The moment he set foot on the littered cobbles movement snapped him around. Some sort of vagrant stirred beneath a dirty blanket and rose, coughing. As the figure straightened it wavered into the familiar elderly shape of Wu. The mage peered up at the gable then lowered his head and clasped his hands before his stomach. ‘I’m sorry,’ he murmured. ‘She was an innocent.’
‘Yes.’ Dorin nodded. ‘Yes, she was.’ He drew a long shuddering breath and released it feeling as if he were releasing everything with it – his every wish, every foolish grandiose ambition, and every childish dream. All his plans for any future. ‘It was my fault.’
‘Do not blame yourself.’
‘If I had moved against Pung as you wished this would not have happened.’
‘We cannot be certain.’
Now he frowned, vaguely irritated. ‘Why are you here?’
‘I am worried about what you’re going to do.’
‘You know exactly what I am going to do.’
‘Ah, yes, well. Exactly my worry . . .’
‘I thought you wanted Pung dead.’
‘Of course. But not you. Please, Dorin, let’s not be hasty . . .’
He thought of her slim frame – so tiny and frail – and shook his head. Blinding. A terrible, awful, cruel maiming. How could anyone do such a thing to an innocent soul? ‘Things have changed.’
Dorin died in that loft
.
‘Ah, I see. As you say. But let us take a moment to consider—’

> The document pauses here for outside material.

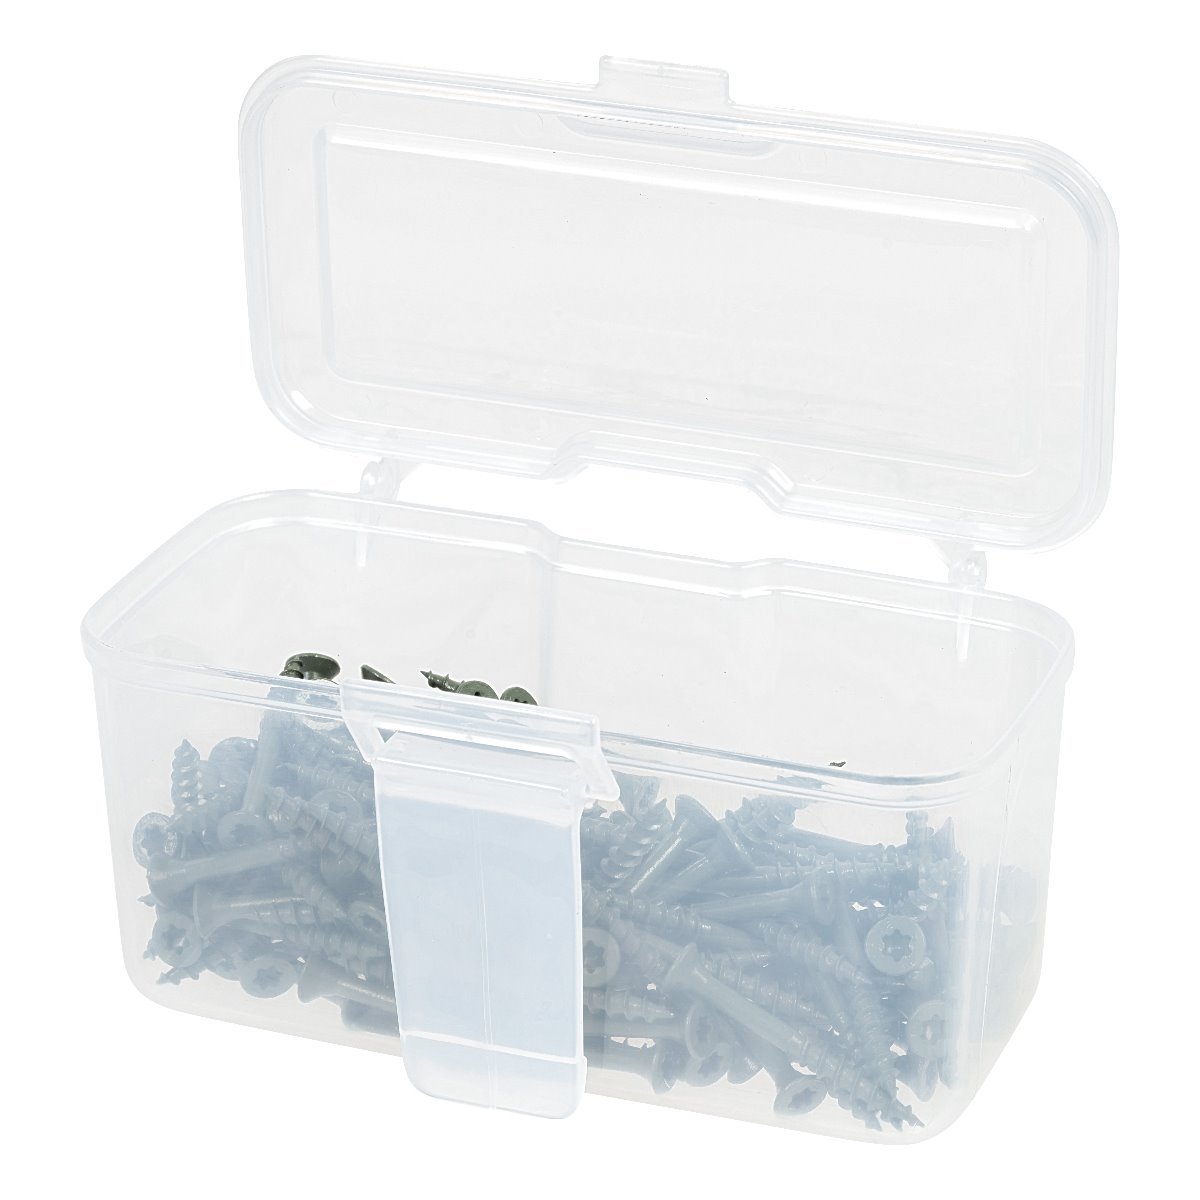 Portable Project Case - 6-inch x 6-inch

‘No. No more planning or considering. Look what my delaying has cost. I am finished with it. I’m going now.’ He faced the Dal Hon mage directly. ‘Are you with me or not?’
‘Of course I am with you, as always. But please, for the love of the gods – wait for nightfall at the least, I beg of you.’
Dorin brushed past to the alley mouth. ‘Dusk, then,’ he allowed, grudgingly. Something among the litter caught his eye and he picked it up. A bird’s leg and clawed foot, torn or severed from its owner. Blood still limned the black curved talons. He studied the grisly object for a time then slipped it down his shirt.
‘Let us prepare,’ said Wu, and his short walking stick appeared in his hand.
In the loft above, Ullara felt about the floor before her, patting the messed straw, feeling her way to the gable window. Reaching the wall, she pulled herself erect and felt at the window ledge. She raised her face to the warm morning breeze. ‘Come,’ she whispered to the breeze.